- Dates: May 1985
- Teams: 8
- Finals site: Brown Stadium, Providence, Rhode Island
- Champions: Johns Hopkins (6th title)
- Runner-up: Syracuse (3rd title game)
- Semifinalists: North Carolina (6th Final Four) Virginia (7th Final Four)
- Winning coach: Don Zimmerman (2nd title)
- MOP: Larry Quinn, Johns Hopkins
- Attendance: 14,455 finals 35,208 total
- Top scorers: Craig Bubier, Johns Hopkins Brian Wood, Johns Hopkins (12 goals)

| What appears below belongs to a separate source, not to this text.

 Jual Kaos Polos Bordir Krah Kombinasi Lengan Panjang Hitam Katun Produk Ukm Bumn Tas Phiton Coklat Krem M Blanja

= 1985 NCAA Division I men's lacrosse tournament =

The 1985 NCAA Division I lacrosse tournament was the 15th annual tournament hosted by the National Collegiate Athletic Association to determine the team champion of men's college lacrosse among its Division I programs, held at the end of the 1985 NCAA Division I men's lacrosse season.

In a re-match of the previous two years' finals, defending champions Johns Hopkins defeated Syracuse in the championship game, 11–4. Johns Hopkins finished the season with 13-1, with its lone loss coming to #13 North Carolina. This was Don Zimmerman's second straight national title as head coach.

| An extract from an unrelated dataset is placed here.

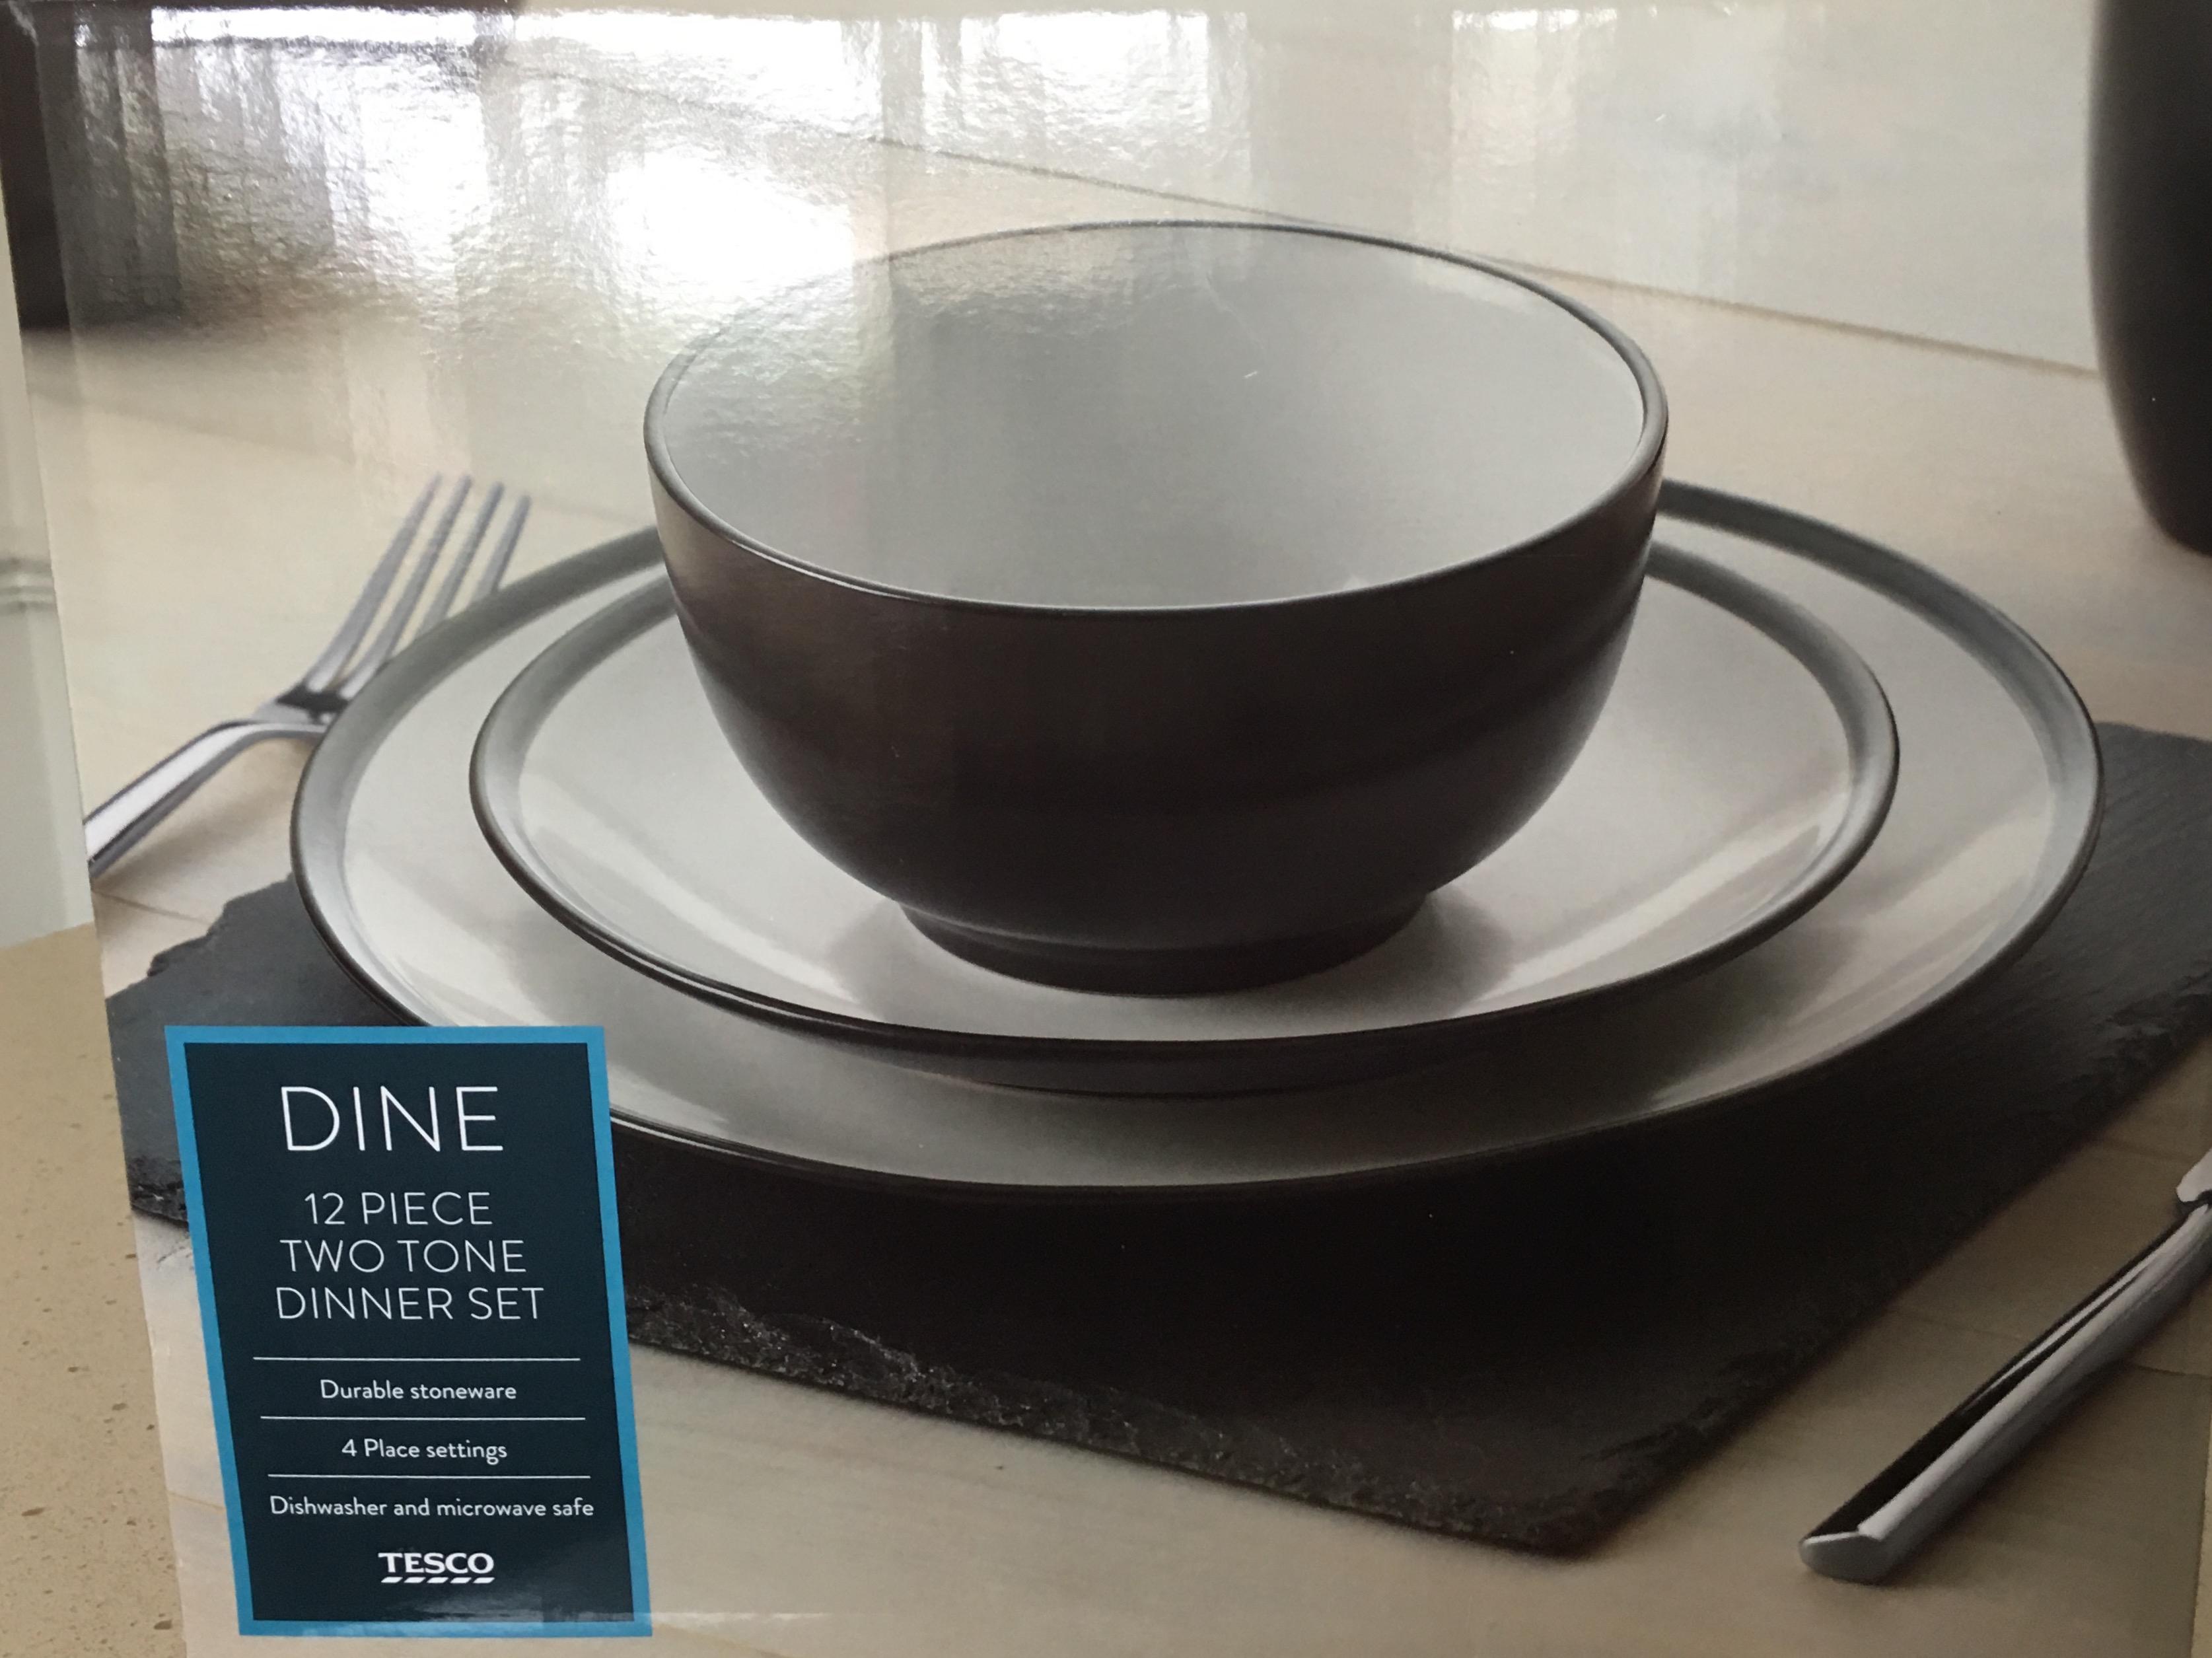 Tesco 12 piece two tone stoneware dinner set - £5 in Aldershot store

The championship game was played at Brown Stadium at Brown University in Providence, Rhode Island with 14,455 fans in attendance.

== Summary ==
Eight Division I college men's lacrosse teams met after having played their way through a regular season, and for some, a conference tournament.

As in 1984, Larry Quinn was named Tournament Outstanding Player. Quinn and the Hopkins' defense gave up only 21 goals over this three game tournament. Hopkins' defense allowed only one goal to Syracuse for the final three plus quarters. In the regular season Hopkins did lose one close game to UNC, but their defense kept opposing teams under 10 goals in 12 of their 14 games including an early season 8–6 win over Syracuse.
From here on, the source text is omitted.